■ **WHAT IS EXPECTED**
Without including any images, repeat the data exactly.

■ **COLLECTED MATERIAL**
******
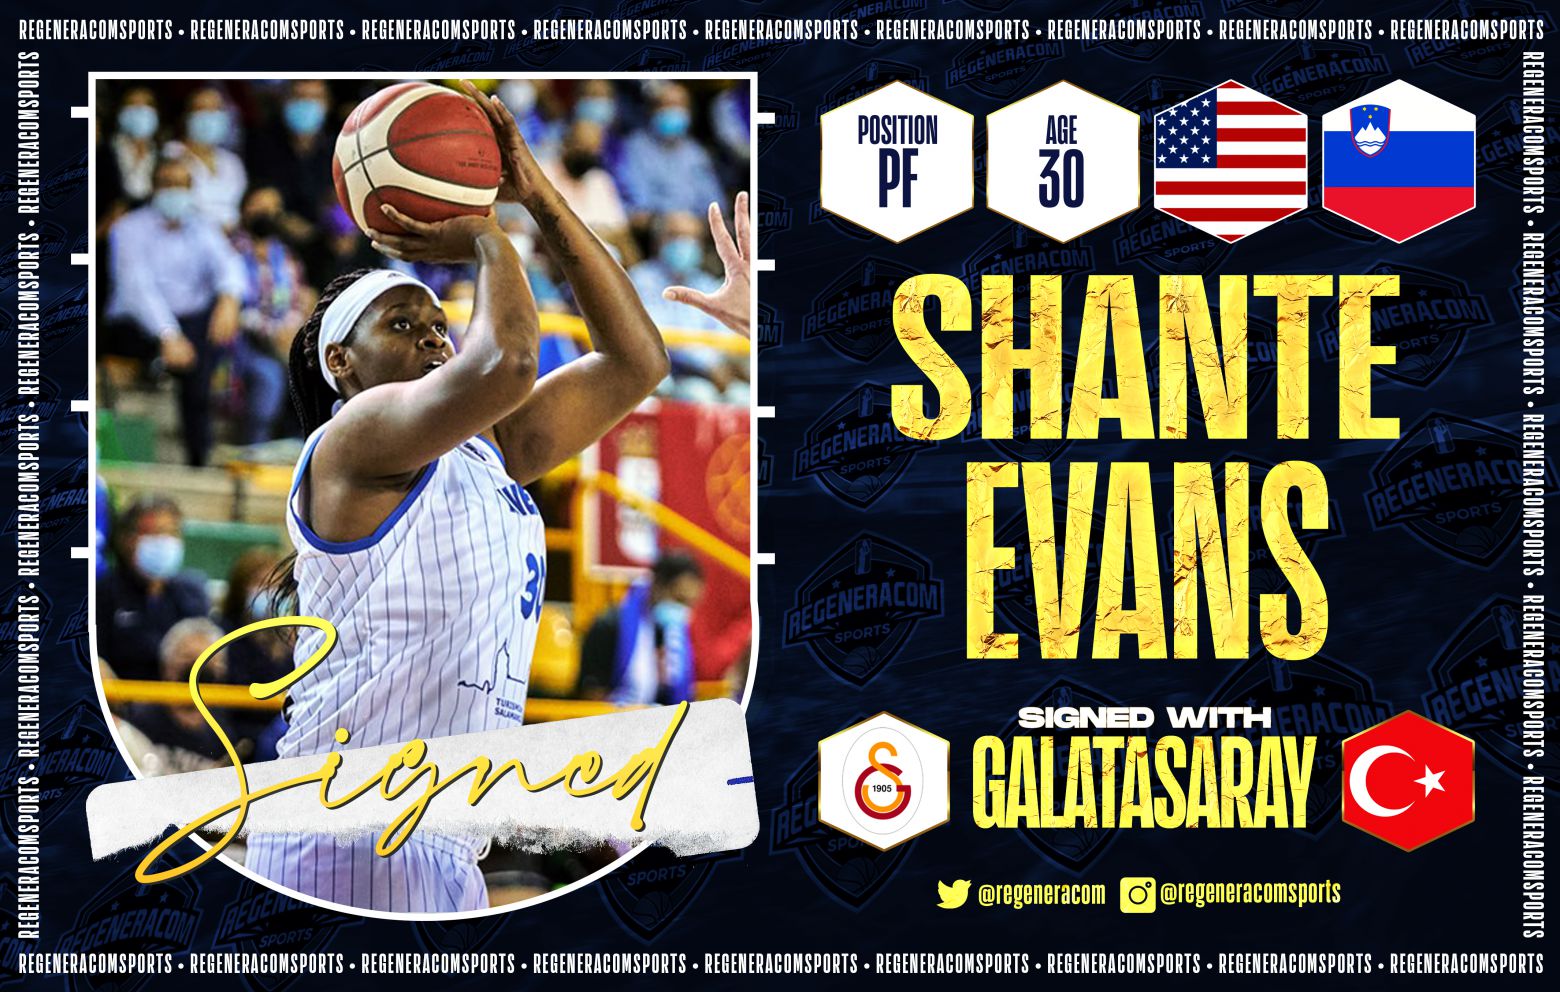 SHANTE EVANS has signed in Turkey with Galatasaray
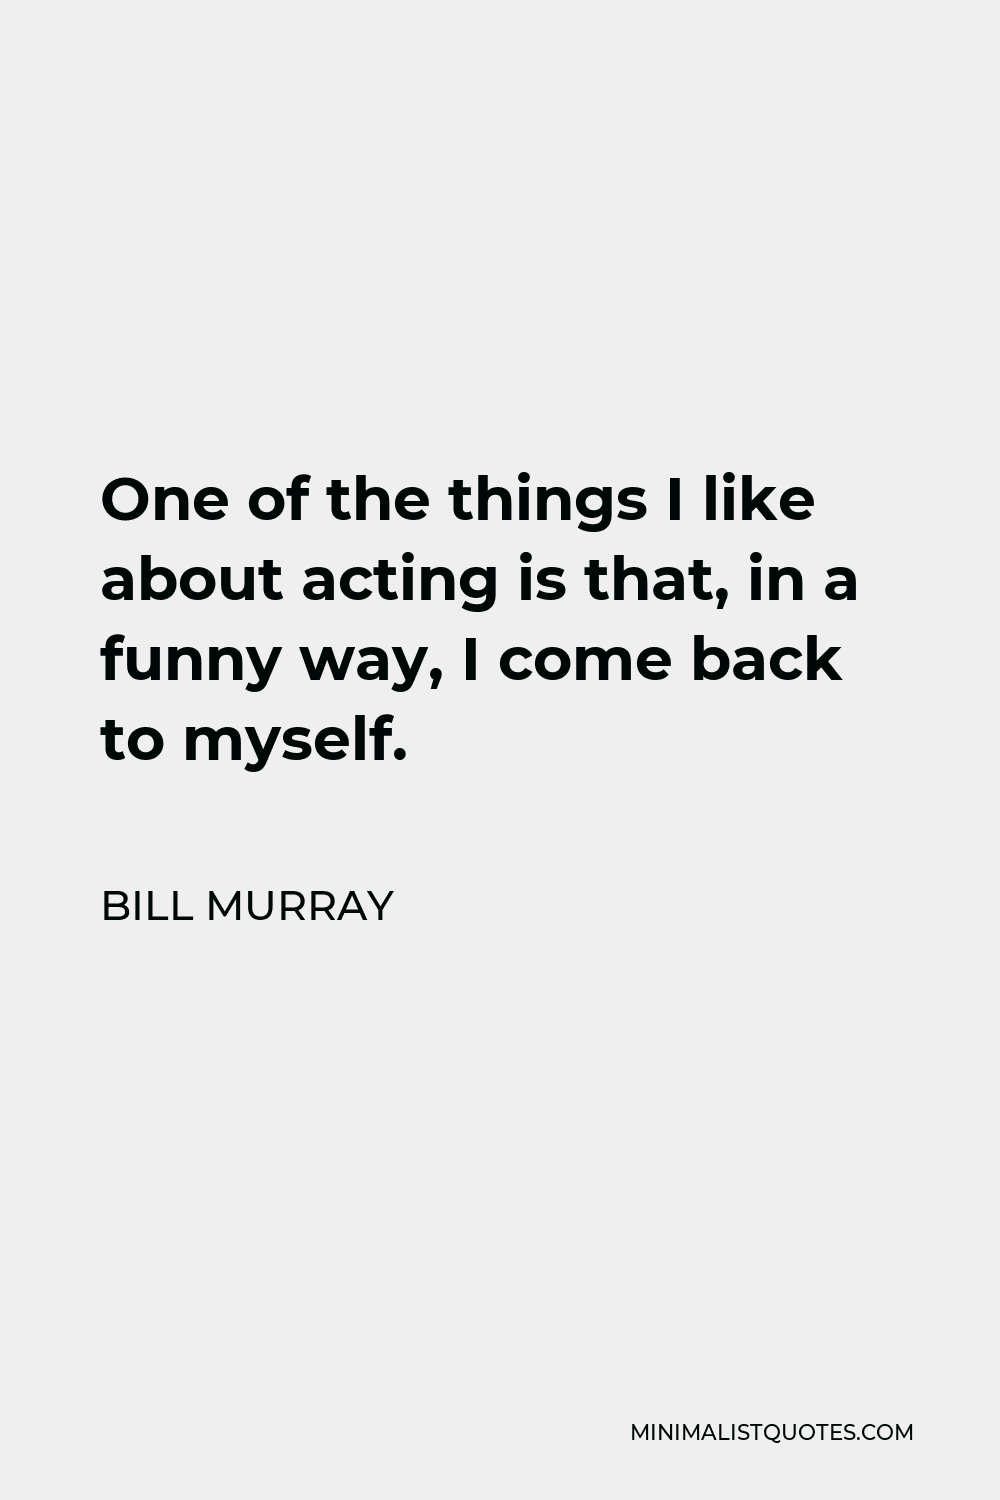 Bill Murray Quote - One of the things I like about acting is that, in a funny way, I come back to myself.
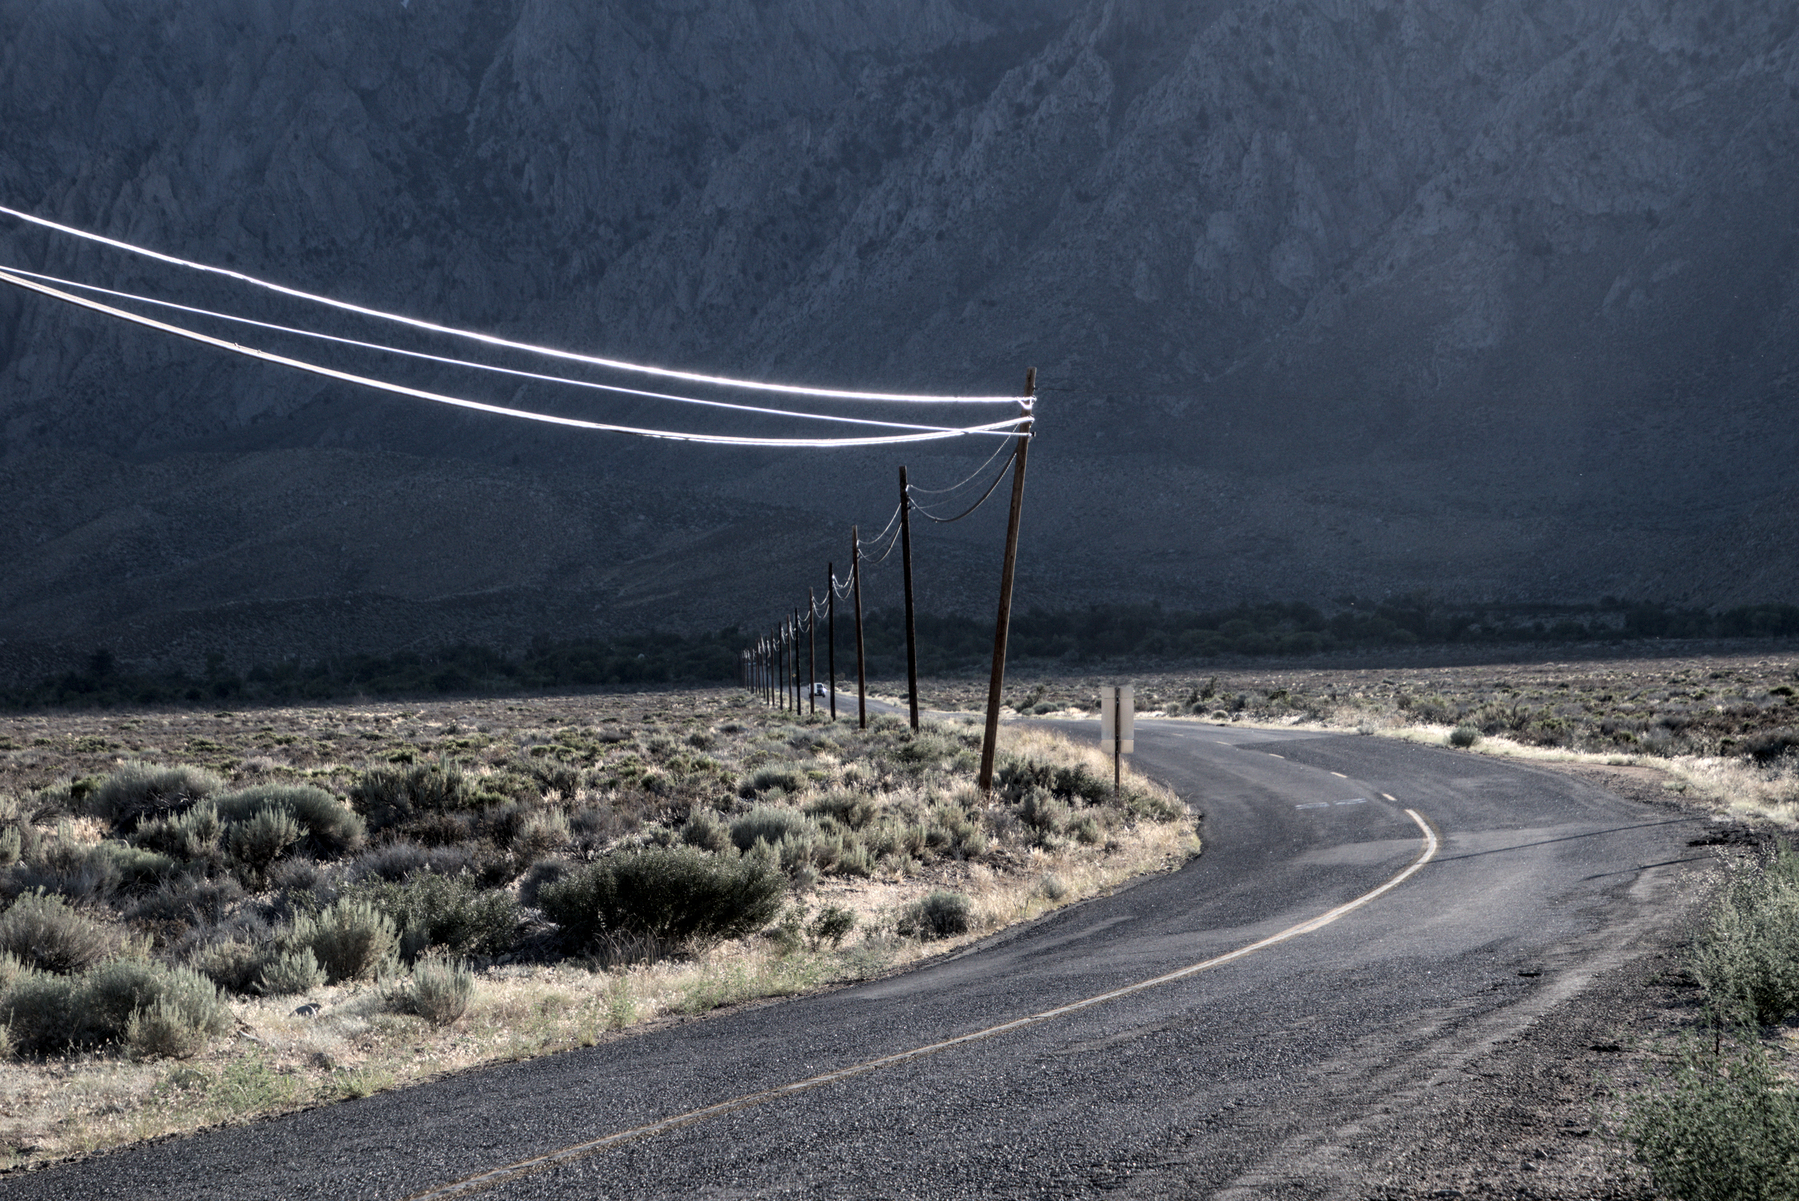 A road in the high desert banks to the left before it heads west up into a mountain canyon. The mountains in the background are in deep shadow, but the road is lit by the late afternoon sun.  The lines on the utility poles on the south side of the road reflect the sun brightly, echoing the turn in the road.
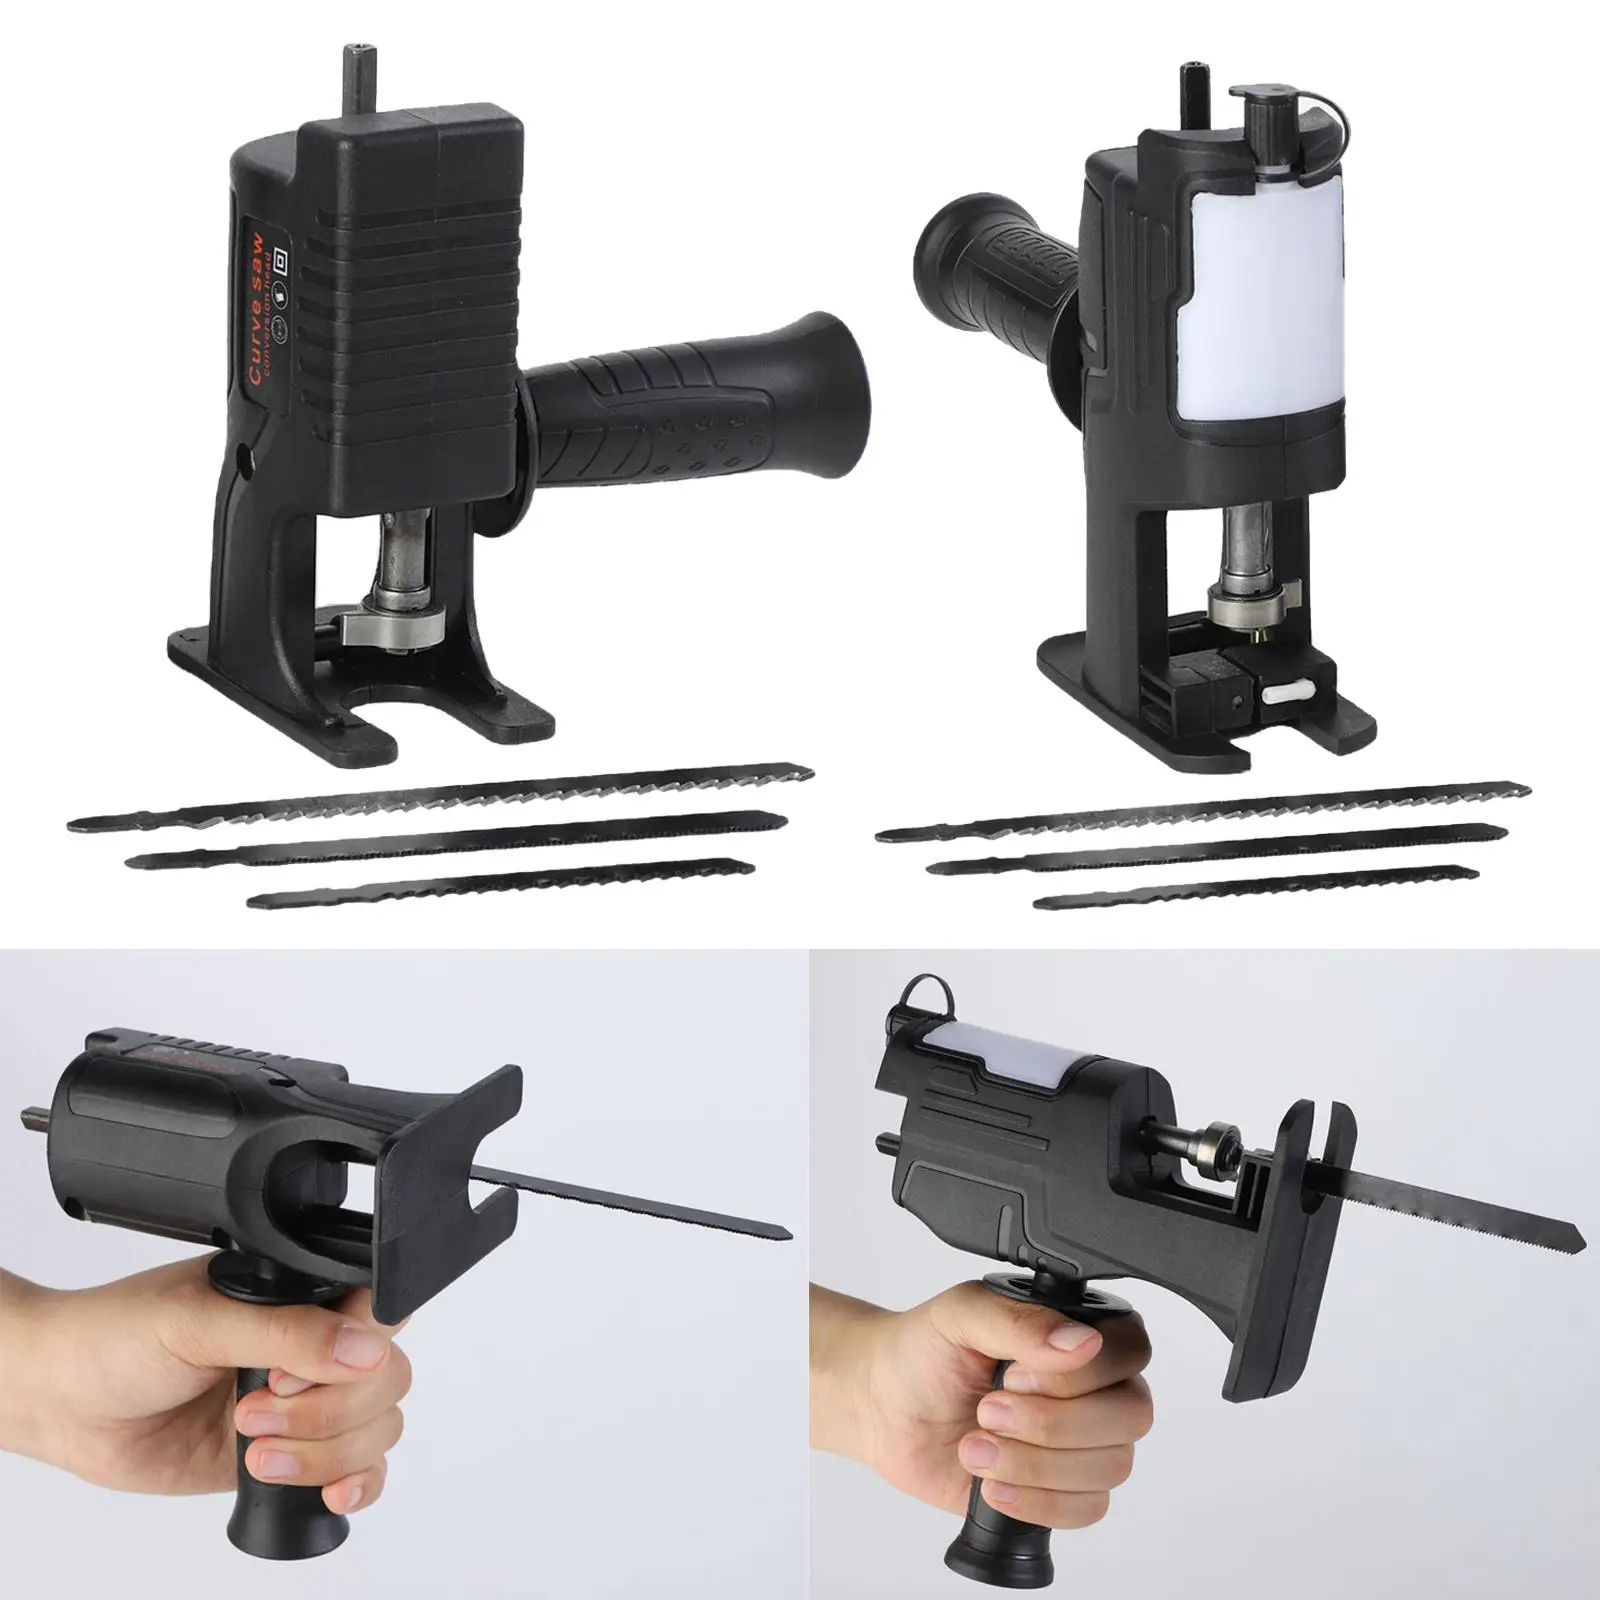 Saw Attachment Handheld Self Assembly Atachment Accessory Electric Cutting Machine for Woodworking Demolition Household Home
******
■ **EXERCISE RESULT**
 SHANTE EVANS has signed in Turkey with Galatasaray
 Bill Murray Quote - One of the things I like about acting is that, in a funny way, I come back to myself.
 A road in the high desert banks to the left before it heads west up into a mountain canyon. The mountains in the background are in deep shadow, but the road is lit by the late afternoon sun.  The lines on the utility poles on the south side of the road reflect the sun brightly, echoing the turn in the road.
 Saw Attachment Handheld Self Assembly Atachment Accessory Electric Cutting Machine for Woodworking Demolition Household Home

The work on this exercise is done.